Patterns in Political Journalism

A key question in research on political journalism is what characterizes its content and how that may vary across media outlets, countries, and time. Broadly, research in this area can be divided into three categories: cases studies of the news media coverage of particular political events, studies of political news coverage during election campaigns, and studies of routine political news coverage. Out of these, studies of political news coverage during election campaigns is probably the most common type. The preferred methodologies are qualitative and, in particular, quantitative content analysis, with automated and computer-assisted content analyses becoming more common. As there are thousands of studies dealing with the content of political news (depending on how political journalism is delineated from news journalism in general), focusing on different aspects and employing different concepts, it is impossible to summarize all research on the content of political journalism. To delimit the scope, here we will therefore focus on research related to four key concepts central in research on political journalism: the framing of politics as a strategic game, interpretive political news, conflict framing and media negativity, and political bias.

The Framing of Politics as a Strategic Game

One of the most prominent concepts in research on political journalism is the framing of politics as a strategic game. For decades, scholars have lamented that journalists focus too much on the political game and who’s winning and who’s losing, the strategic maneuvering of political actors, and the performances of political actors (Cappella & Jamieson, 1997; Patterson, 1993). Sometimes referred to as “the game schema,” other times as “strategic game framing,” “strategy framing,” or “game framing,” the essence of this journalistic framing is a focus on winners and losers, politicians’ and parties’ performances, and campaign strategies and tactics. Whether it makes most sense to conceptualize it as one strategic game frame, or whether the game frame and strategy frame rather should be conceptualized as two separate frames is a matter of discussion (Aalberg, Strömbäck, & de Vreese, 2012), but in most cases, this kind of framing is conceptualized in opposition to issue framing or substance framing. When political journalism employs an issue or substance frame, the focus is on the substance of politics and political issues, on real-world problems, and on proposals to address different societal problems.

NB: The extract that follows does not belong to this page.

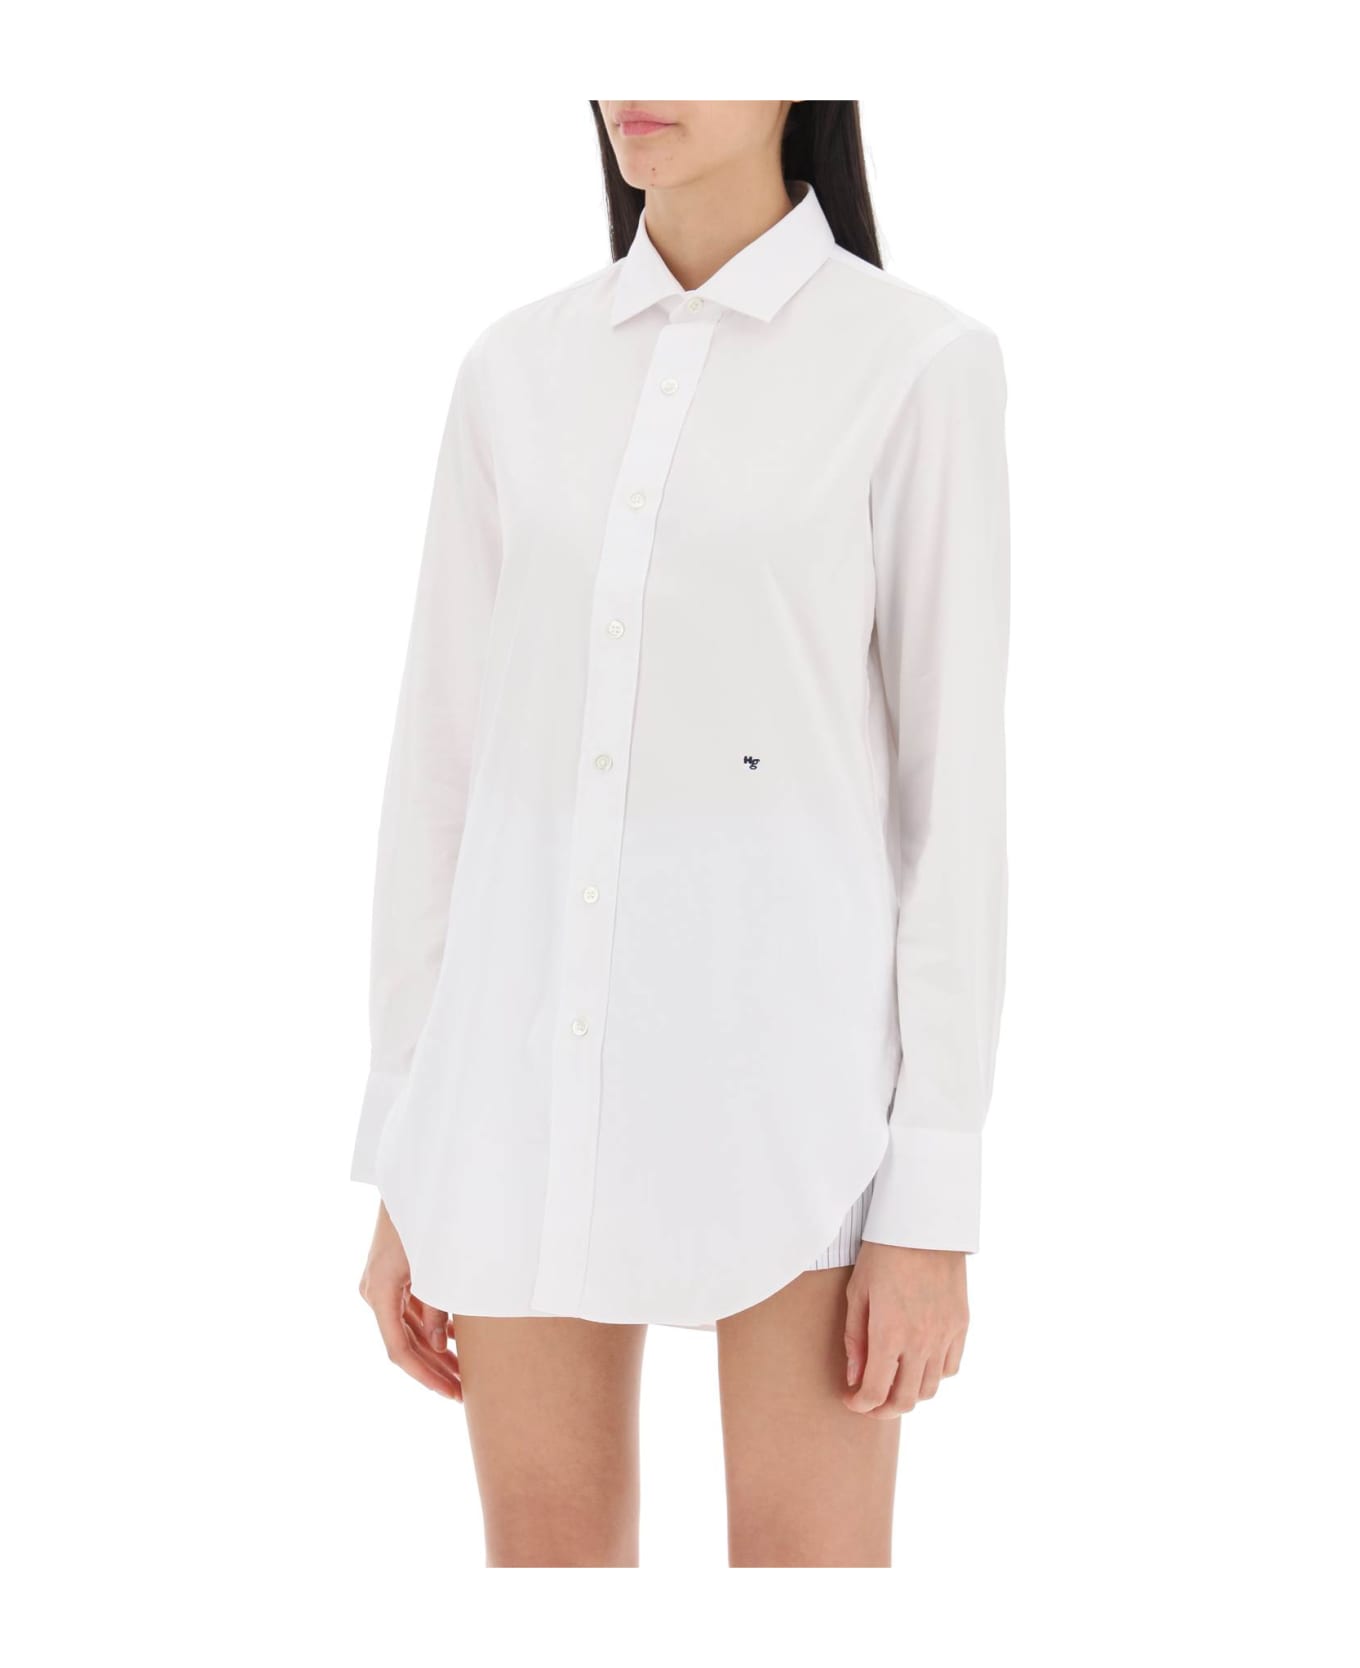 HommeGirls Cotton Twill Shirt - WHITE (White) シャツ

Most research on strategic game framing and related concepts has focused on political journalism during national election campaigns. In that context, there is strong evidence that this kind of framing is very prominent, at times constituting a majority of all election news stories (Aalberg, Strömbäck, & de Vreese, 2012; Patterson, 2017; Strömbäck & Kaid, 2008). To the extent that there is longitudinal research, there is also evidence that this particular kind of framing has become more common (Farnsworth & Lichter, 2011; Patterson, 1993). There is less research on the prevalence of strategic game framing during routine periods, but what research there is shows that it is prominent also between elections and when covering issues (Aalberg, de Vreese, & Strömbäck, 2017; Cappella & Jamieson, 1997; Falasca, 2014; Lawrence, 2000; Schmuck, Heiss, Matthes, Engesser, & Esser, 2017). Thus, the overall conclusion is that strategic game framing is very common during election campaigns and common but less so between election campaigns.

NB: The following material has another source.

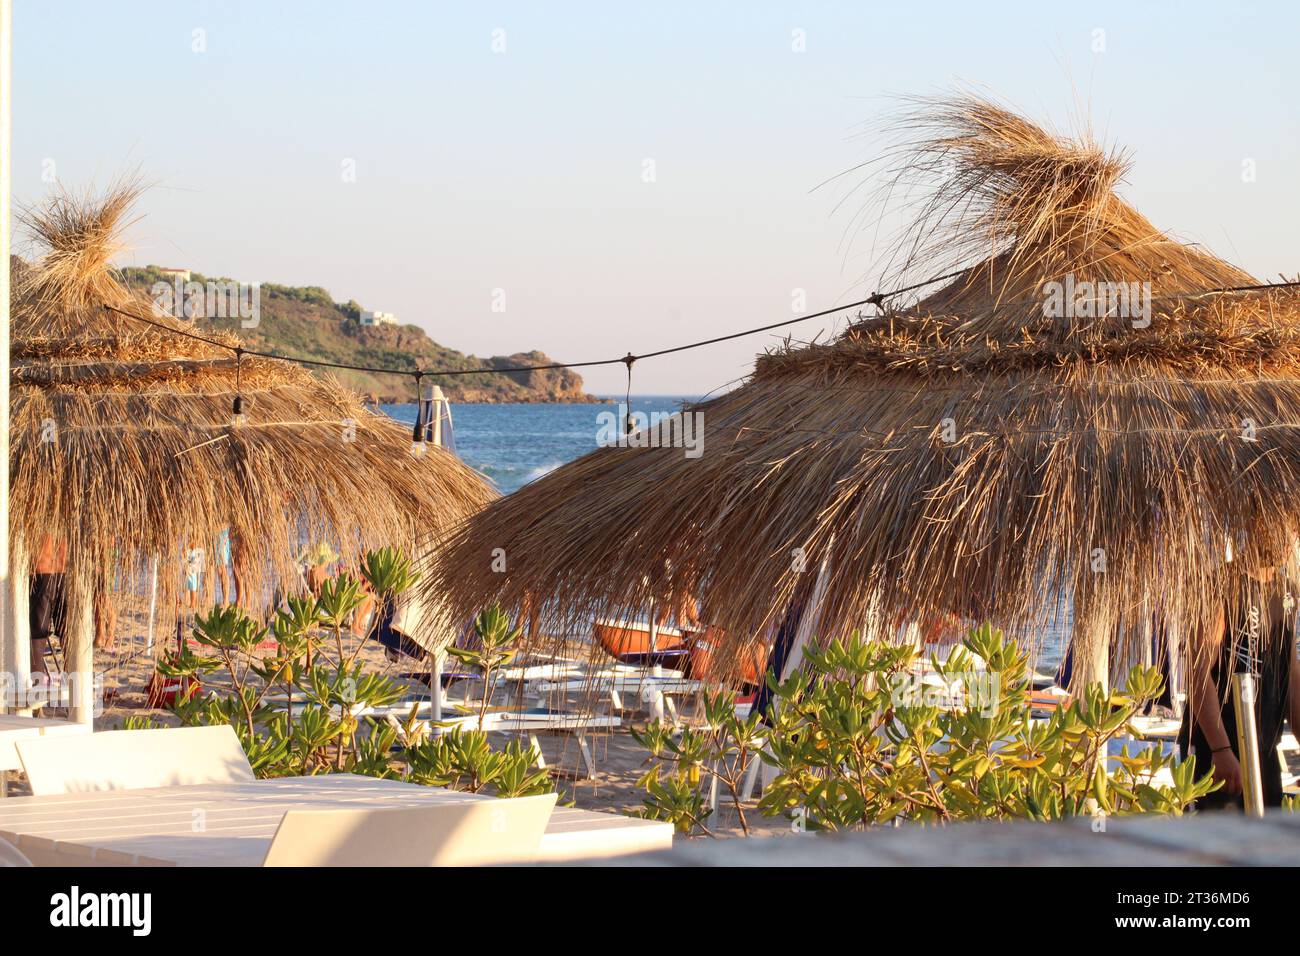 Vista de sombrillas de paja y la costa en la playa de San Marco en Sciacca Sicilia con luz de la puesta de sol de verano Foto de stock

The prevalence of strategic game framing varies across both countries and media types, however. The most comprehensive cross-national comparative study, focusing on routine periods and including 16 countries, found that the share of news stories that was dominated by the strategic game frame on average was 23%, although there were wide variations across countries (Aalberg, de Vreese, & Strömbäck, 2017). In terms of explaining the prevalence of strategic game framing, scholars have suggested that one key factor is degree of commercialization. Some research also suggests that this framing is more common in commercial than in public service news and in tabloids than in broadsheets, while other studies suggest otherwise (Aalberg, de Vreese, & Strömbäck, 2017; Strömbäck & Dimitrova, 2011; Strömbäck & Van Aelst, 2010; Schmuck et al., 2017). There is also research suggesting that strategic game framing is more common in newspapers owned by large diffuse chains than in locally owned newspapers, suggesting that ownership matters (Dunaway & Lawrence, 2015). Another factor might be how professionalized political actors are in their communication, as increasing professionalization may create stronger incentives for political journalism to focus on the political game in order both to uncover the strategies of political actors and as a defense mechanism to avoid being spun (Zaller, 2001). The framing of politics as a strategic game may thus be a means by which journalists attempt to achieve control over the news. More research is, however, needed to disentangle the antecedents of strategic game framing.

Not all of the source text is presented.